The remnant survived Jerusalem’s destruction and decades of exile. God gave them favor in the eyes of three Persian kings so they could make the arduous journey to their homeland. God gave them “new life to rebuild the house of our God and repair its ruins” (9:9). Despite the abundant mercy of God, they managed to pollute the land again with their sin. Ezra lamented that the land was unclean because they ignored the laws of Moses and pursued marriages with pagan peoples (9:11).
The question on Ezra’s mind was what if the remnant failed and what if they already had pressed the self-destruct button? Ezra asks God, “Would you not be angry with us until you destroy us without remnant or survivor?” (9:14). Would God eject them from the same land he had returned them to (9:12)?
Ezra’s prayer ended with a question and the reformer did not know God’s answer. He was unsure if the people have already exhausted God’s mercy (9:15). He did not know how close they had come again to provoking his judgement.
In the biblical landscape, prayer took on a new emphasis in the postexilic period. In the decades of Babylonian exile that the Jewish people had no temple, prayer was their only means for communing with God. Prayer without sacrifice was how they appealed to God for protection, provision, and praise.
The biblical books chronicling events of the Persian period elevated the practice of spontaneous prayer far higher than the narratives from the days that the First Temple still stood. Daniel prayed three times a day (Dan. 6:10). When Esther prepared for an intervention to save her people from the plans of Haman, she solicited the Jews of Susa to pray and fast for three days (Est. 4:16). Nehemiah prayed and fasted before commencing the city wall (Neh. 1:5-11).
Ezra also was in the good habit of communing with God through prayer.
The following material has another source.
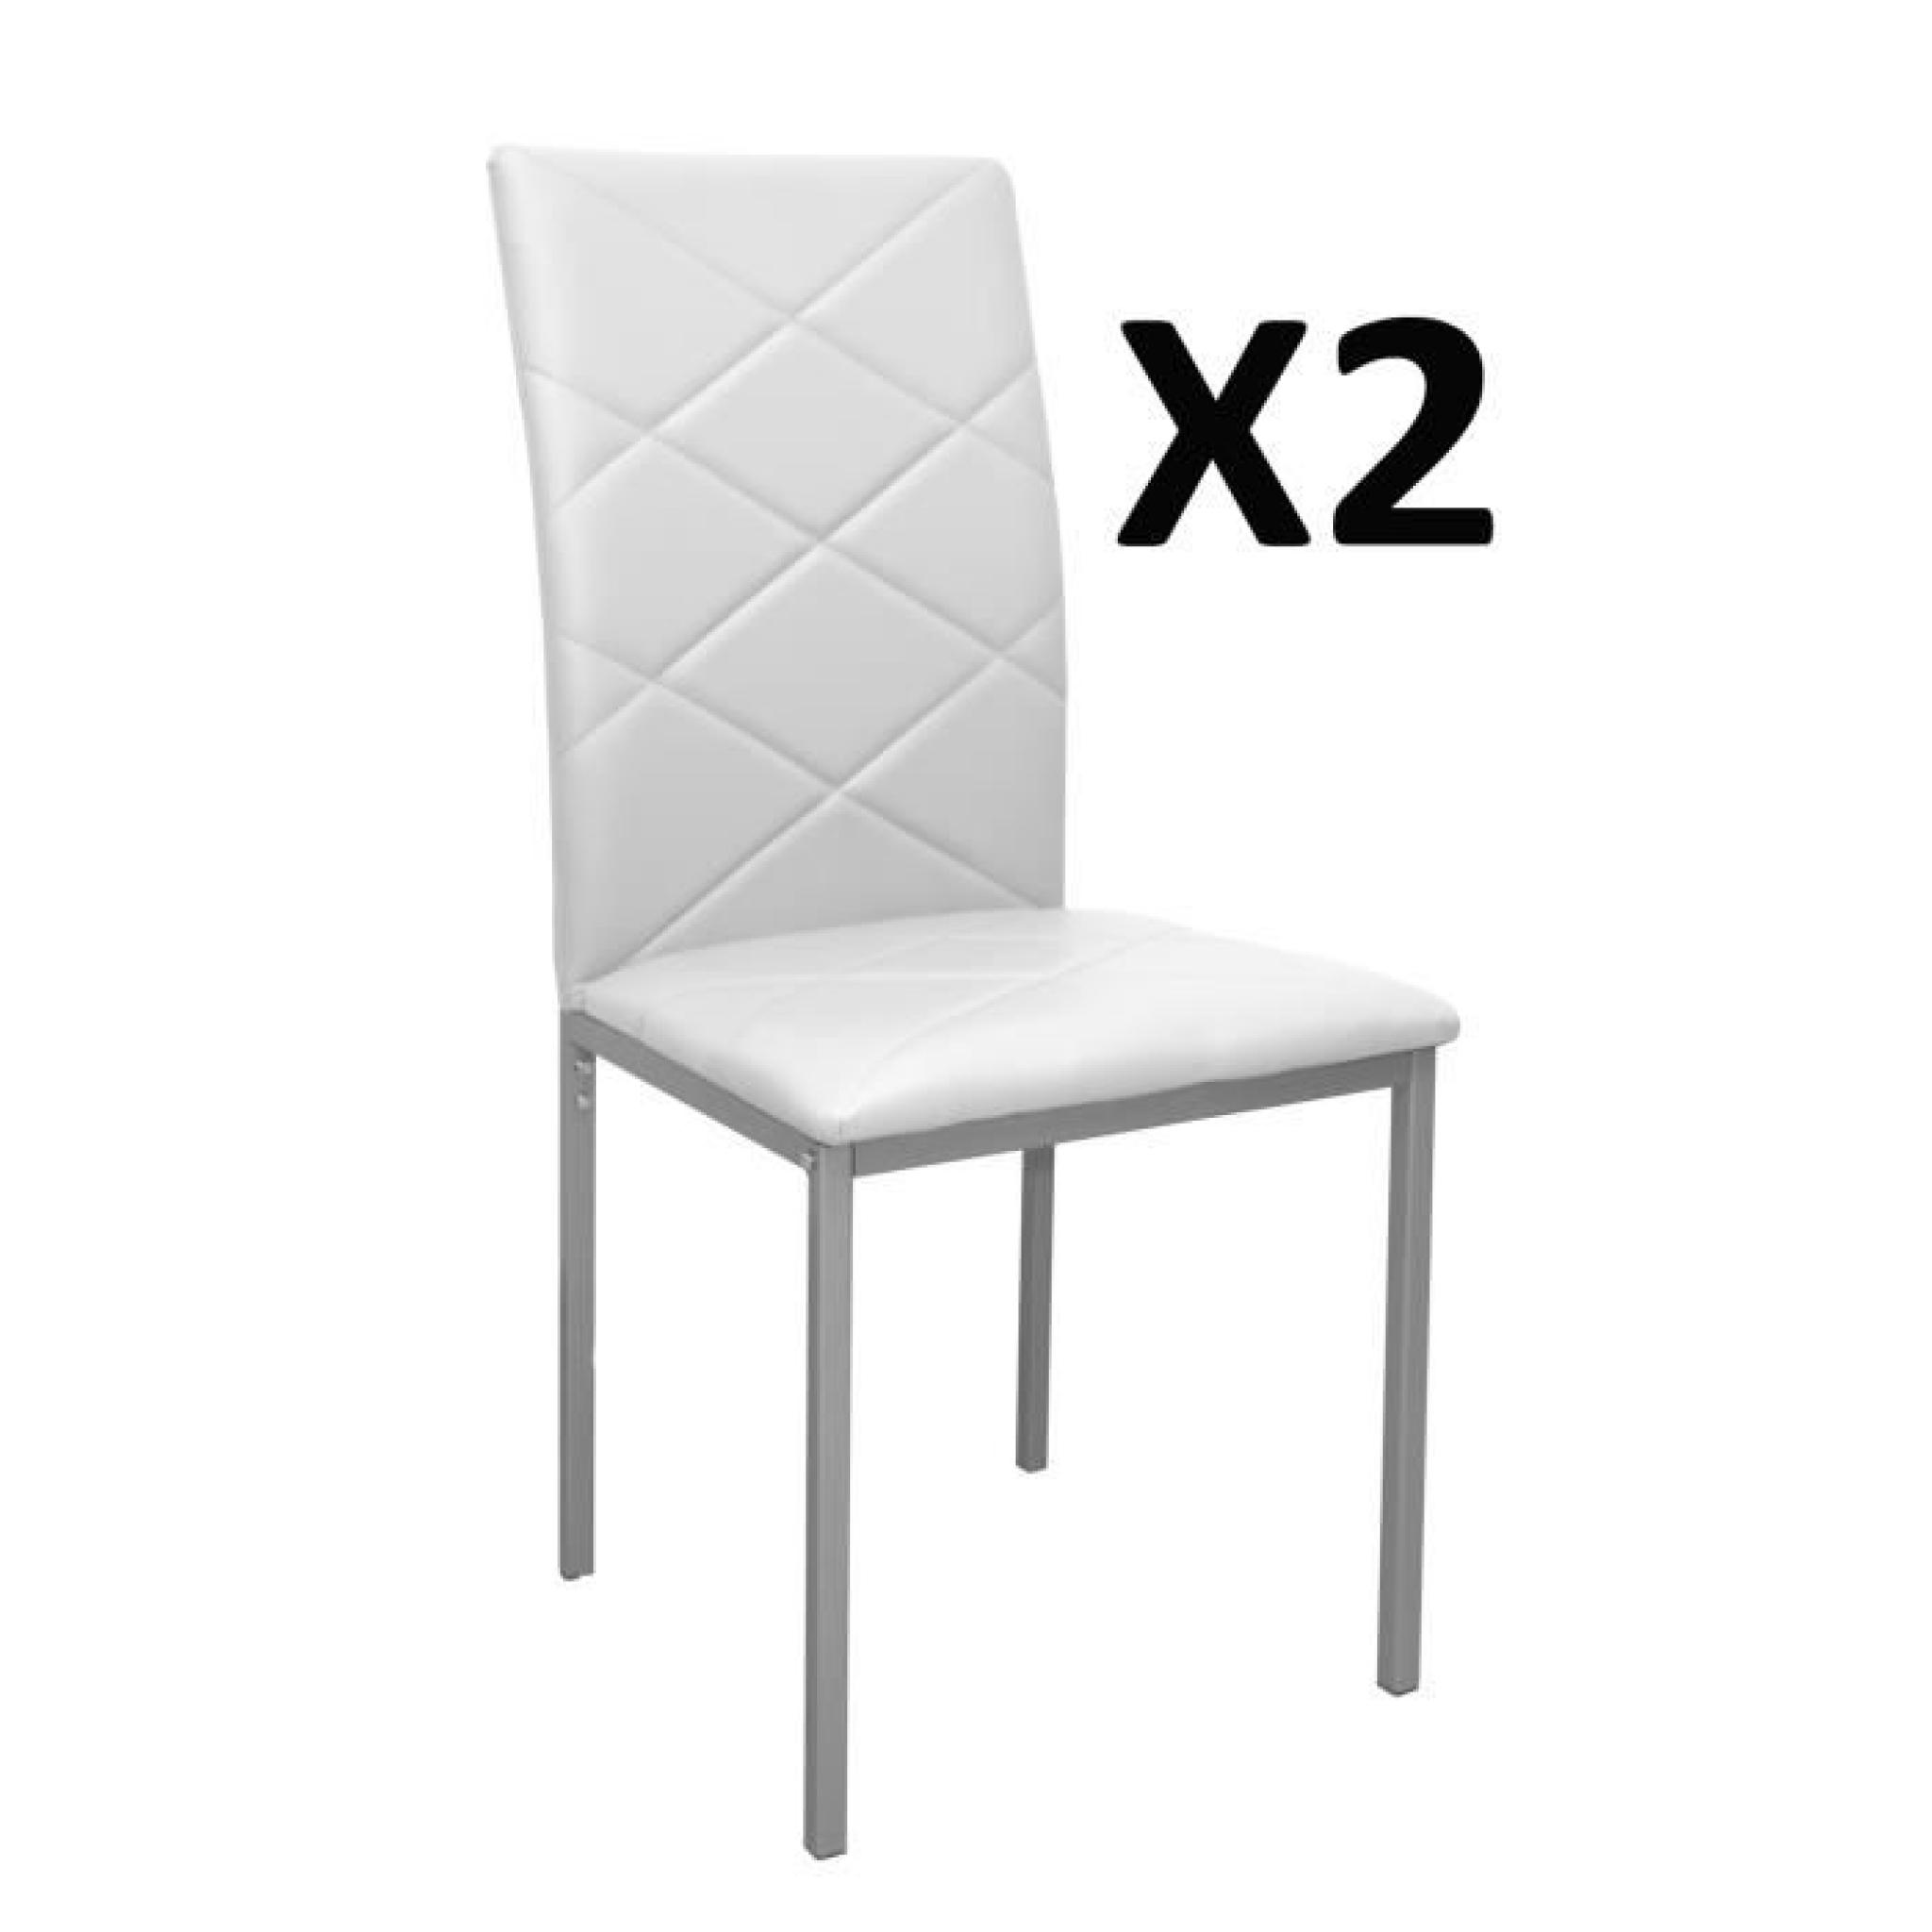 lot de 2 chaises blanche rev tement pu 510 x 430 x 950 mm achat vente chaise salle a manger. Black Bedroom Furniture Sets. Home Design Ideas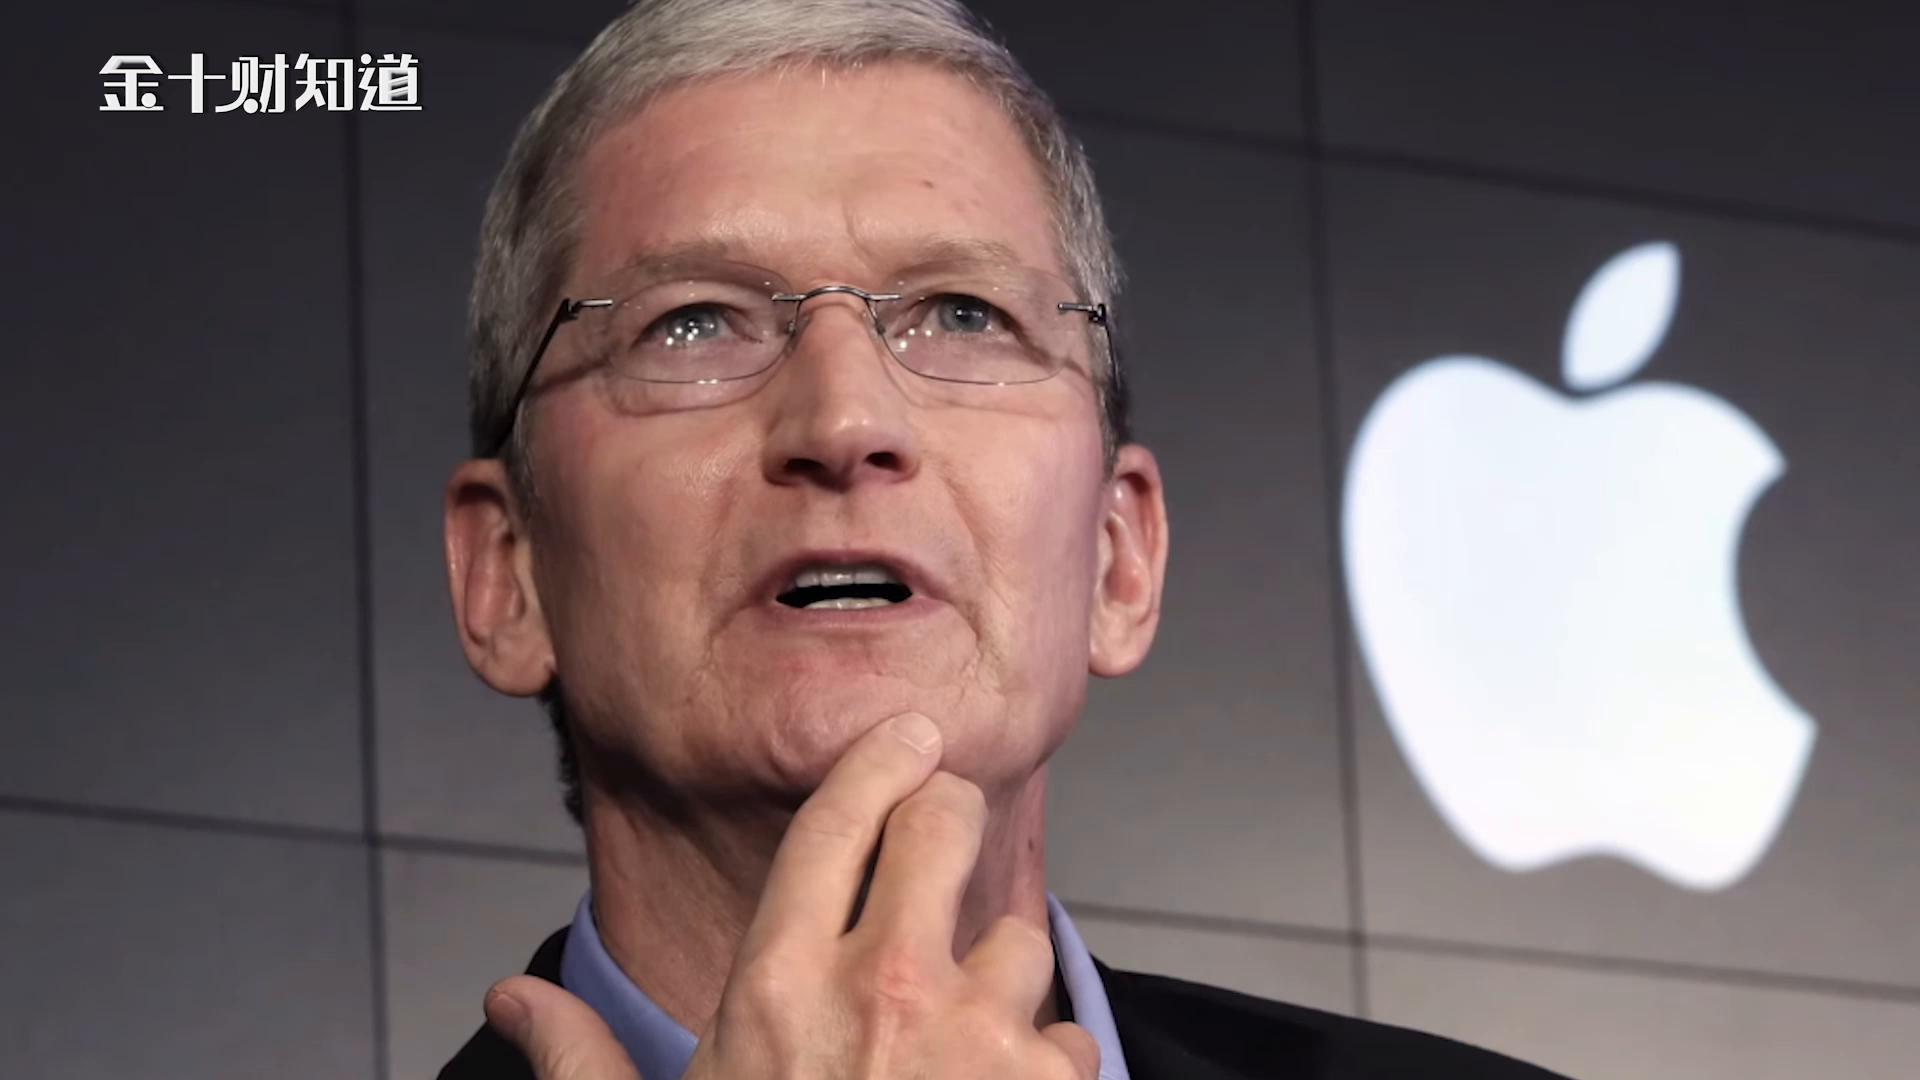 大难临头各自飞? 美国苹果或舍弃805亿收入,开始研发搜索引擎

Even though in Ezra’s own day, the Second Temple was complete and he had alternative ways to approach God, his first instinct after hearing terrible news was to collapse in prayer. The remnant was a praying people. That fact, almost more than anything else, signaled that they would also be a surviving people. As Christians, we too inherited the instruction to “pray without ceasing” (1 Thes. 5:17).